Come disse con felice sintesi il celebre critico francese Bazin, teorico della nouvelle vague, Rossellini “non dimostra, mostra”. E allora Roma città aperta è, semplicemente, il film che più di tutti incarna questa nuova idea di cinema. L’iniziatore del percorso storico del neorealismo.

Realizzato appena dopo la liberazione alleata dall’occupazione nazista, tra molte difficoltà e intoppi di vario genere, esso racconta alcune storie di fine della guerra nella Città Eterna, in parte ispirate a fatti realmente accaduti. C’è la lotta partigiana, le torture degli aguzzini nazi-fascisti, l’uccisione di una giovane donna (Anna Magnani) falciata dietro al camion che deporta il marito, la fucilazione di un sacerdote (Aldo Fabrizi) che protegge e aiuta i partigiani, la perfidia degli ufficiali della Gestapo.

Il tutto guardato con uno stile incerto e a tratti affannoso, che riflette il caos e la paura che la guerra infonde negli animi, secondo un’immediatezza che è la grande novità di questo inedito tipo di cinema.

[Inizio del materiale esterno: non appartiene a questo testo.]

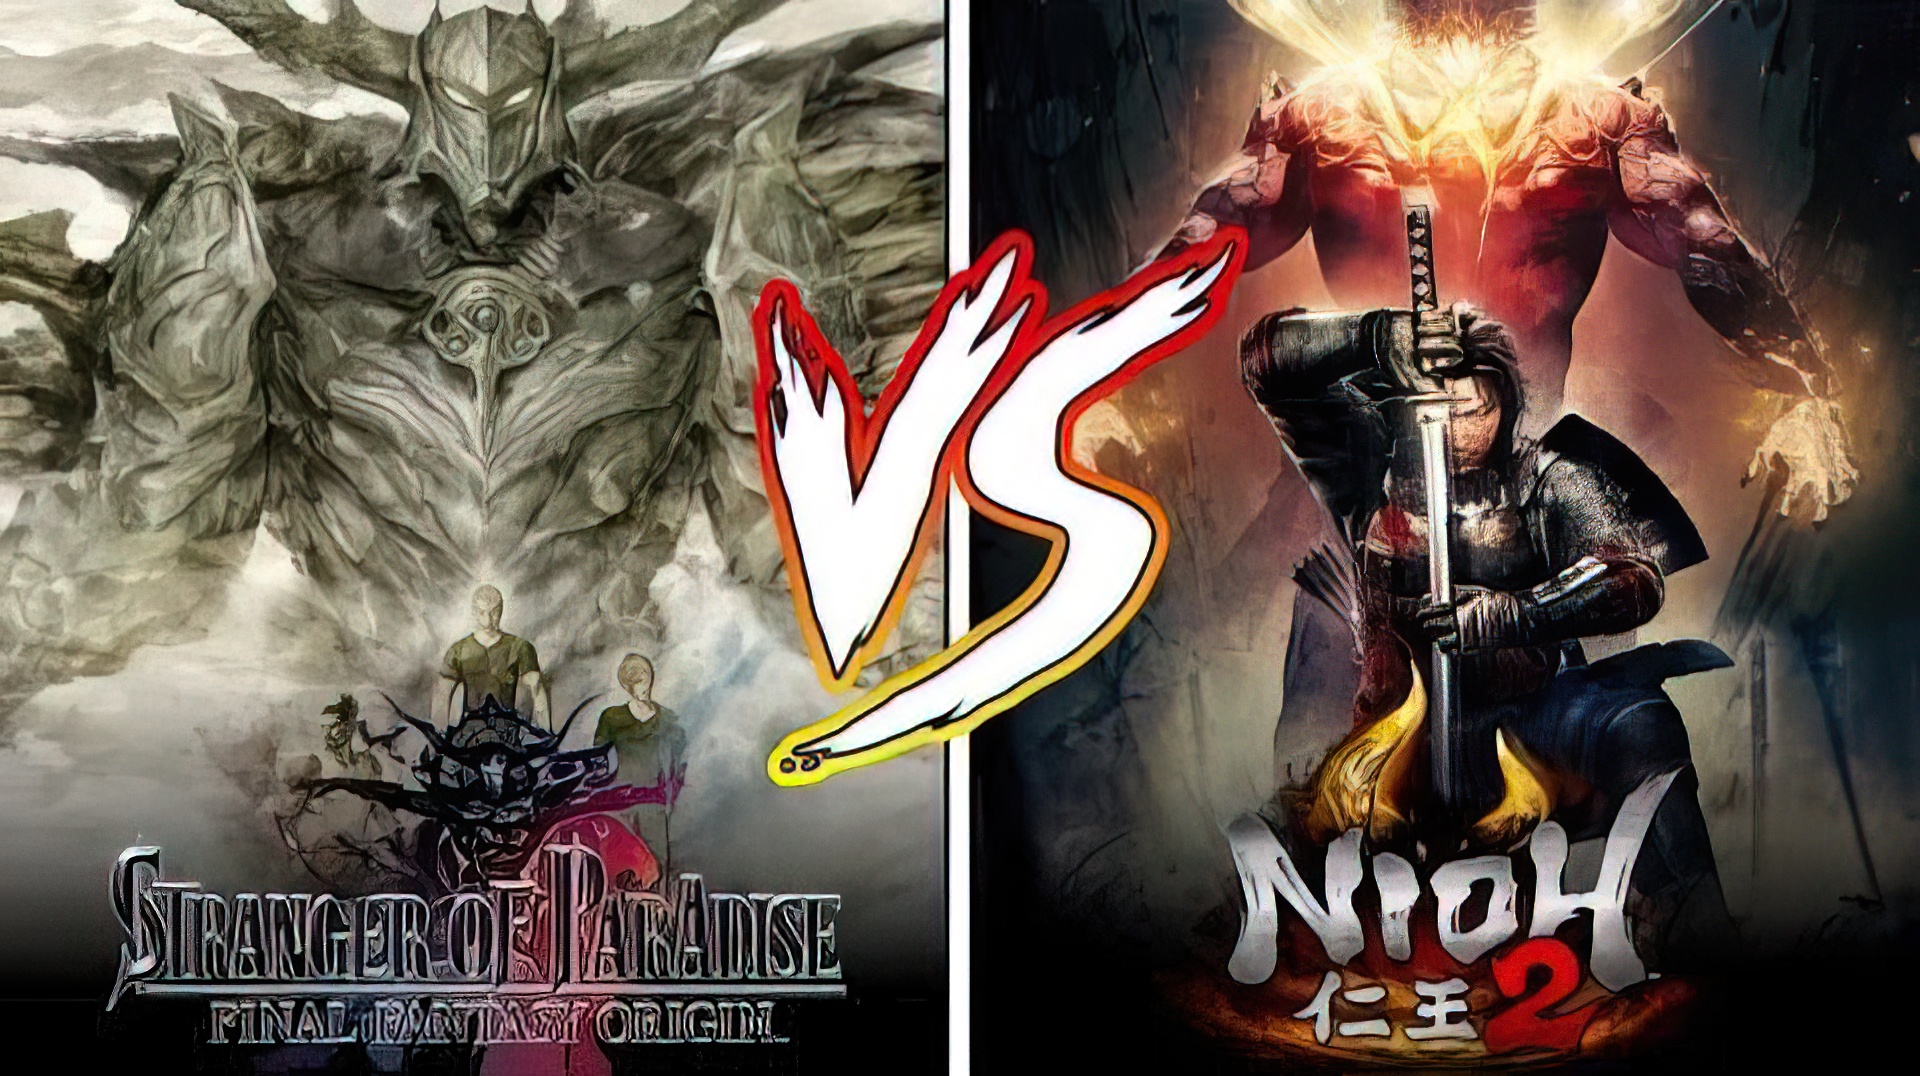 Nioh 2 vs Stranger of Paradise - Final Fantasy Origin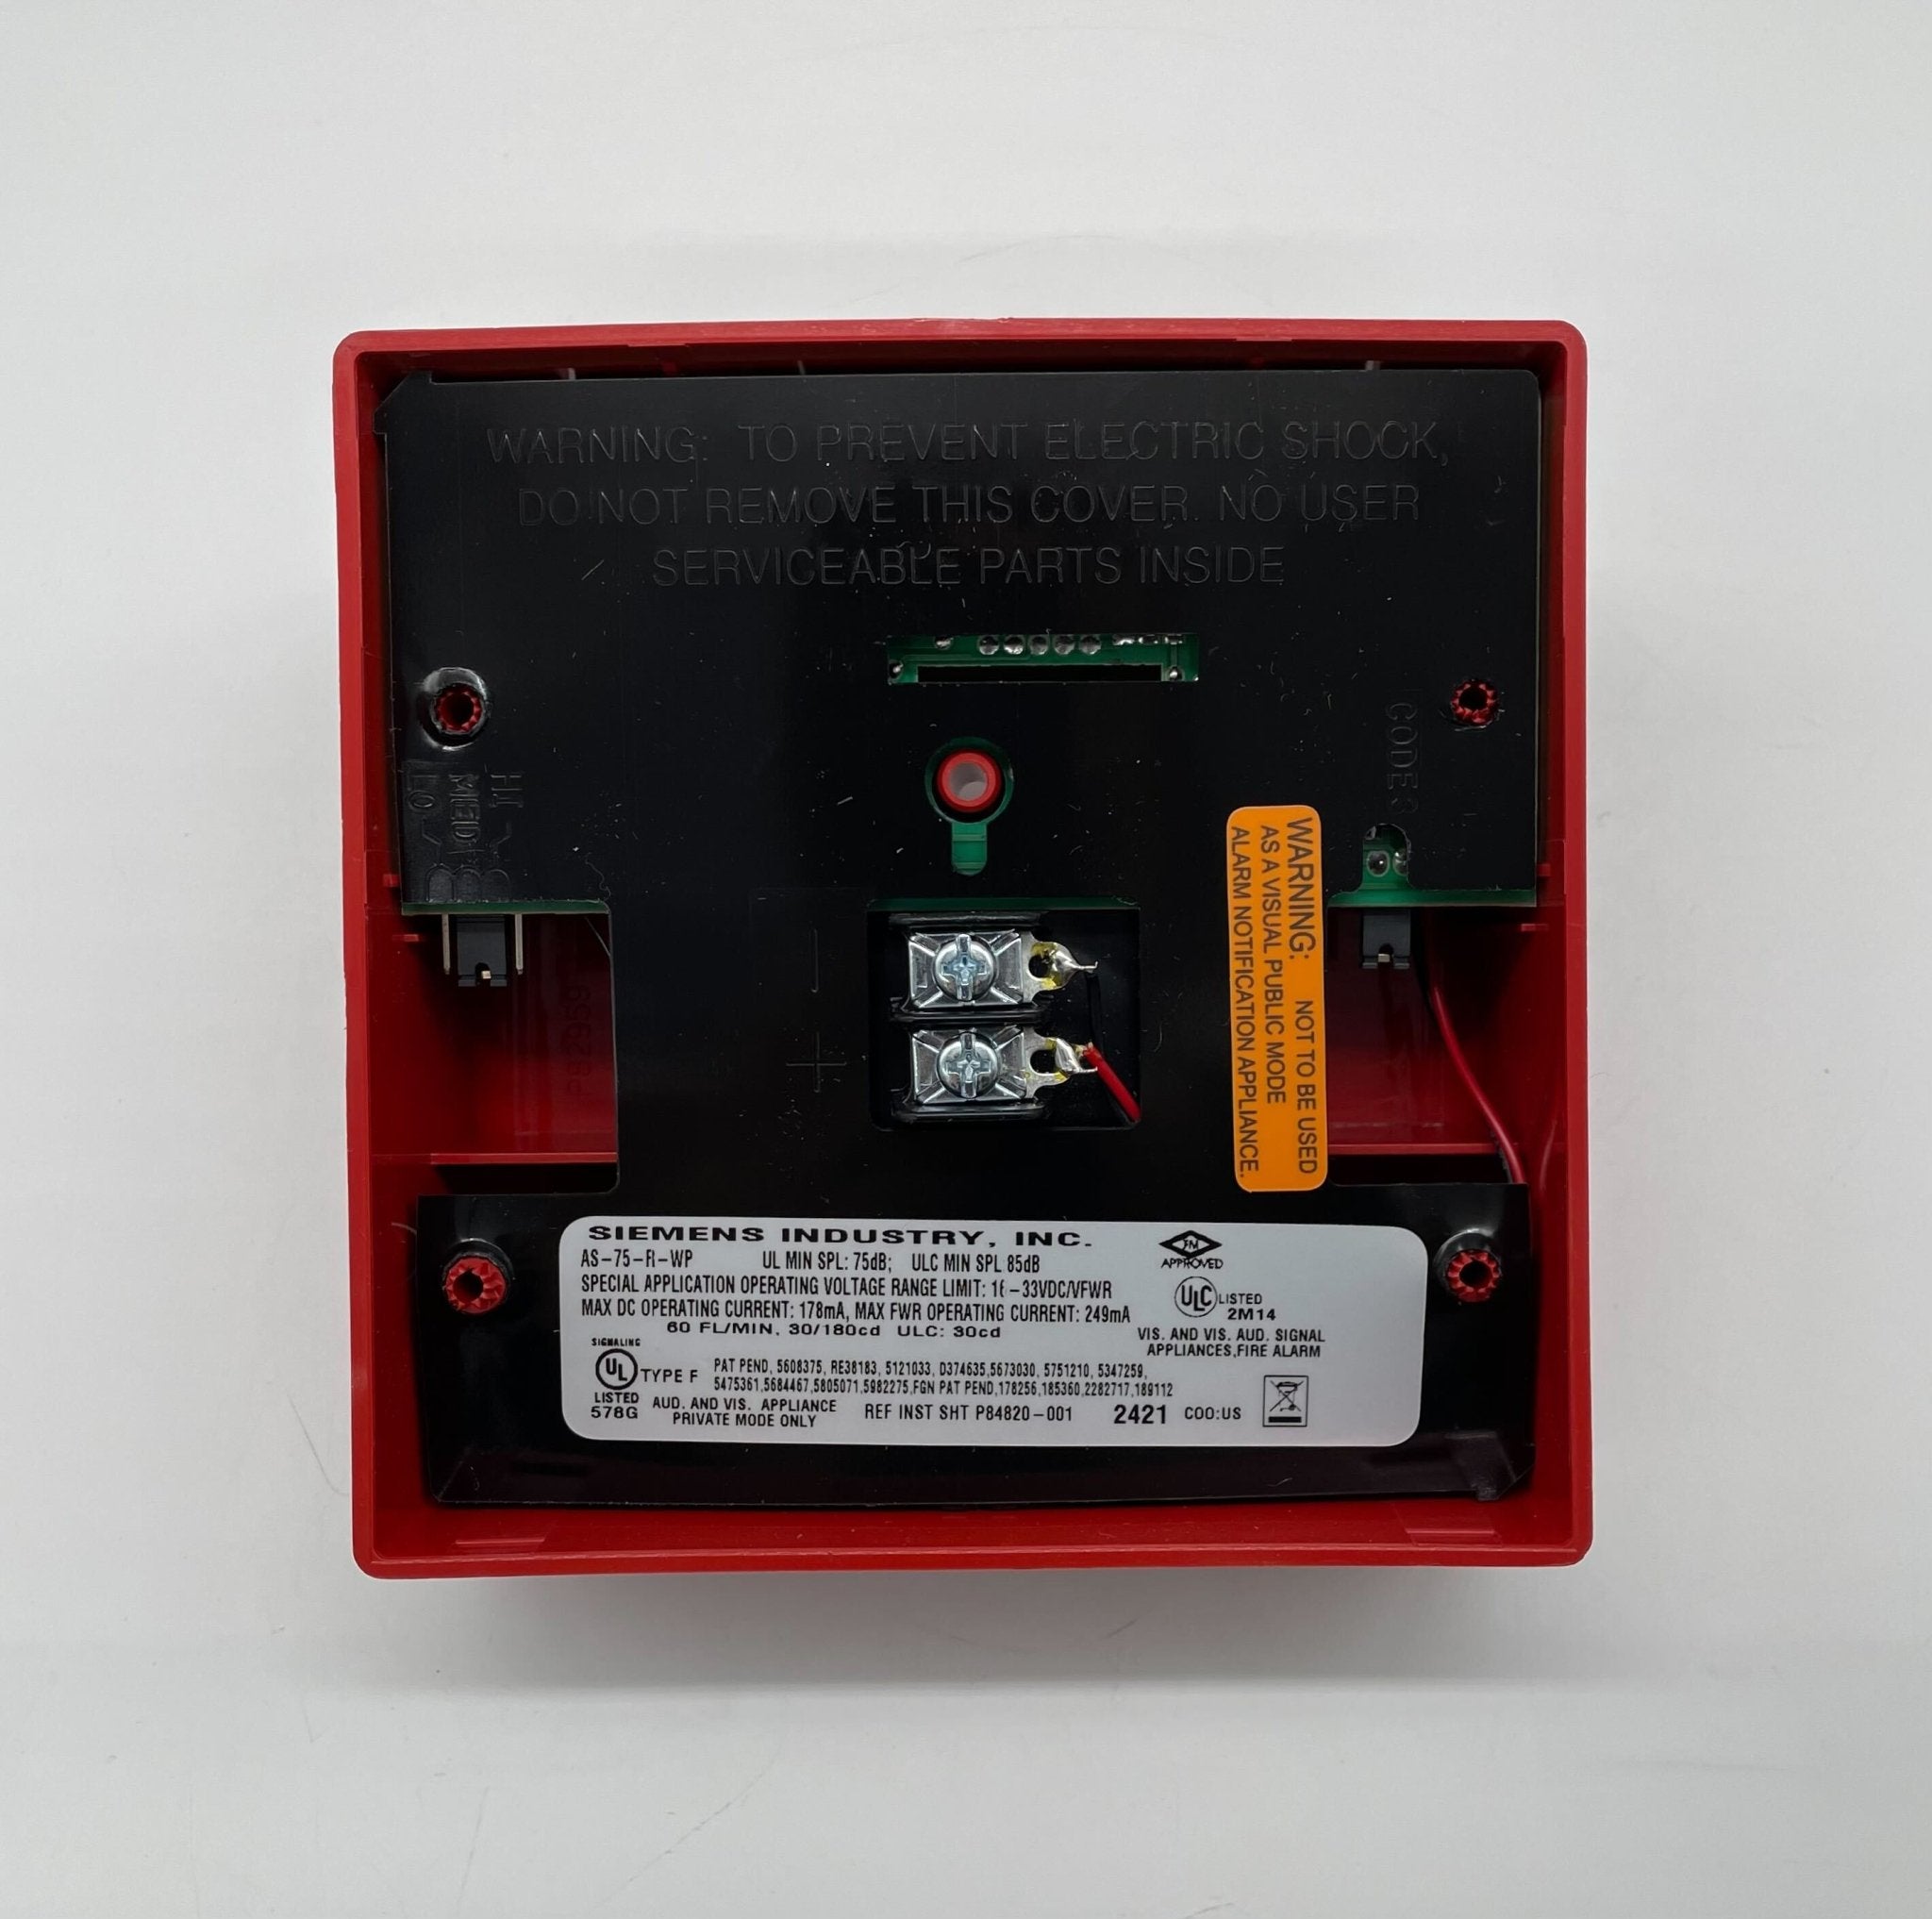 Siemens AS-75-R-WP - The Fire Alarm Supplier

Un cinema che guarda la realtà e pone domande, lasciando che lo spettatore trovi da sé le risposte in ciò che vede.

Accolto dalla critica italiana con sufficienza (scambiato per un melodramma di taglio popolare), il film di Rossellini ebbe immediato e notevole successo all’estero, soprattutto in Francia, dove vinse la Palma d’Oro al Festival di Cannes del 1946. L’impatto fu grande anche negli Stati Unti, dove ricevette una inattesa nomination all’Oscar per la migliore sceneggiatura originale, firmata dallo stesso Rossellini in collaborazione con Sergio Amidei e un giovane Federico Fellini.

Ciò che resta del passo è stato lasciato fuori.